Dear R-devel,
There seems to be a discrepancy in the order in which lm and rlm evaluate their arguments. This causes rlm to sometimes produce an error where lm is just fine.
Here is a little script that illustrate the issue:
library(MASS)
## create data
n <- 100
dat <- data.frame(x=rep(c(-1,0,1), n), y=rnorm(3*n))
## call lm, works fine
summary(lm(y ~ as.factor(x), data=dat, subset=x!=0))
Call:
lm(formula = y ~ as.factor(x), data = dat, subset = x != 0)
Residuals:
Min 1Q Median 3Q Max
-2.60619 -0.82160 0.06307 0.65501 2.56677
Coefficients:
Estimate Std. Error t value Pr(>|t|)
(Intercept) 0.061010 0.100027 0.610 0.543
as.factor(x)1 0.001332 0.141459 0.009 0.992
Residual standard error: 1 on 198 degrees of freedom
Multiple R-squared: 4.479e-07, Adjusted R-squared: -0.00505
F-statistic: 8.868e-05 on 1 and 198 DF, p-value: 0.9925
Error in rlm.default(x, y, weights, method = method, wt.method = wt.method, :
'x' is singular: singular fits are not implemented in rlm
My guess is that rlm first converts x to a factor, which becomes a three-level factor, then subsets on x!=0, which effectively eliminates a level, and then creates a "regression" matrix, which becomes singular due to the absence of data for a level.

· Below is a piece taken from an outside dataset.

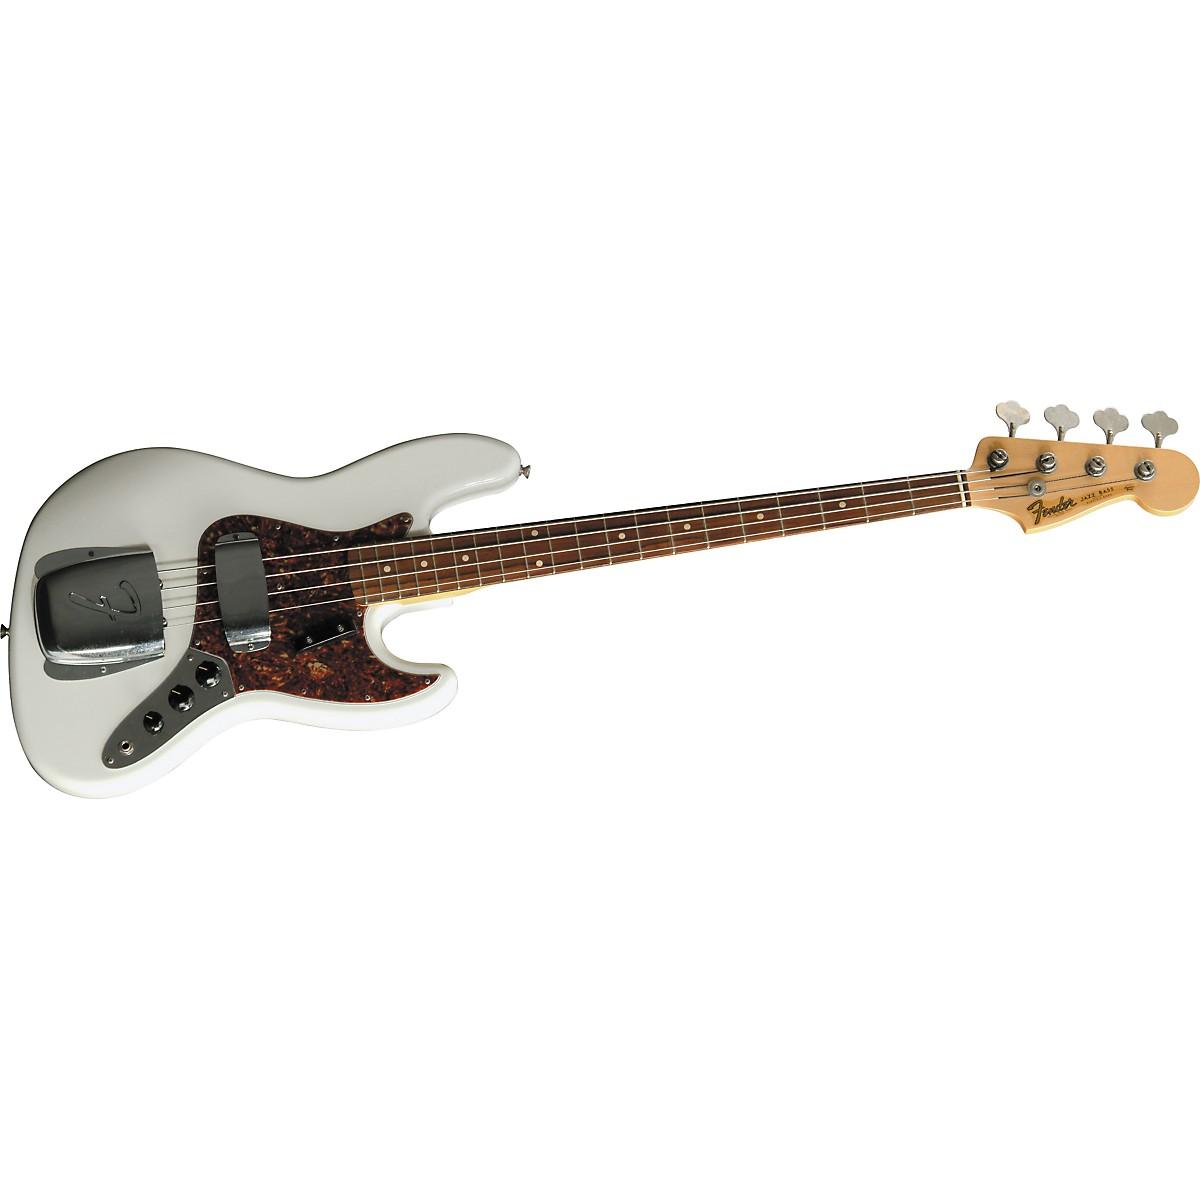 Fender Custom Shop '64 Jazz Bass Closet Classic

Is there a simple way to work around it. The simplest I could think of is
with(subset(dat, x!=0), rlm(y ~ as.factor(x))
which is ok, but most of my scripts make use of data arg to regressions and I'd like to stay consistent as much as practical.
Thanks,
Vadim
Note: This email is for the confidential use of the named addressee(s) only and may contain proprietary, confidential or privileged information. If you are not the intended recipient, you are hereby notified that any review, dissemination or copying of this email is strictly prohibited, and to please notify the sender immediately and destroy this email and any attachments. Email transmission cannot be guaranteed to be secure or error-free. Jump Trading, therefore, does not make any guarantees as to the completeness or accuracy of this email or any attachments. This email is for informational purposes only and does not constitute a recommendation, offer, request or solicitation of any kind to buy, sell, subscribe, redeem or perform any type of transaction of a financial product.
-----Original Message-----
From: r-devel-bounces at r-project.org
[mailto:r-devel-bounces at r-project.org] On Behalf Of Vadim Ogranovich
Sent: Monday, March 14, 2011 10:37 AM
To: 'r-devel at r-project.org'
Subject: [Rd] discrepancy between lm and MASS:rlm
Dear R-devel,
There seems to be a discrepancy in the order in which lm and
rlm evaluate their arguments. This causes rlm to sometimes
produce an error where lm is just fine.
It may not be a problem with the order of evaluation. rlm()
might not be calling model.frame() with drop.unused.levels=TRUE.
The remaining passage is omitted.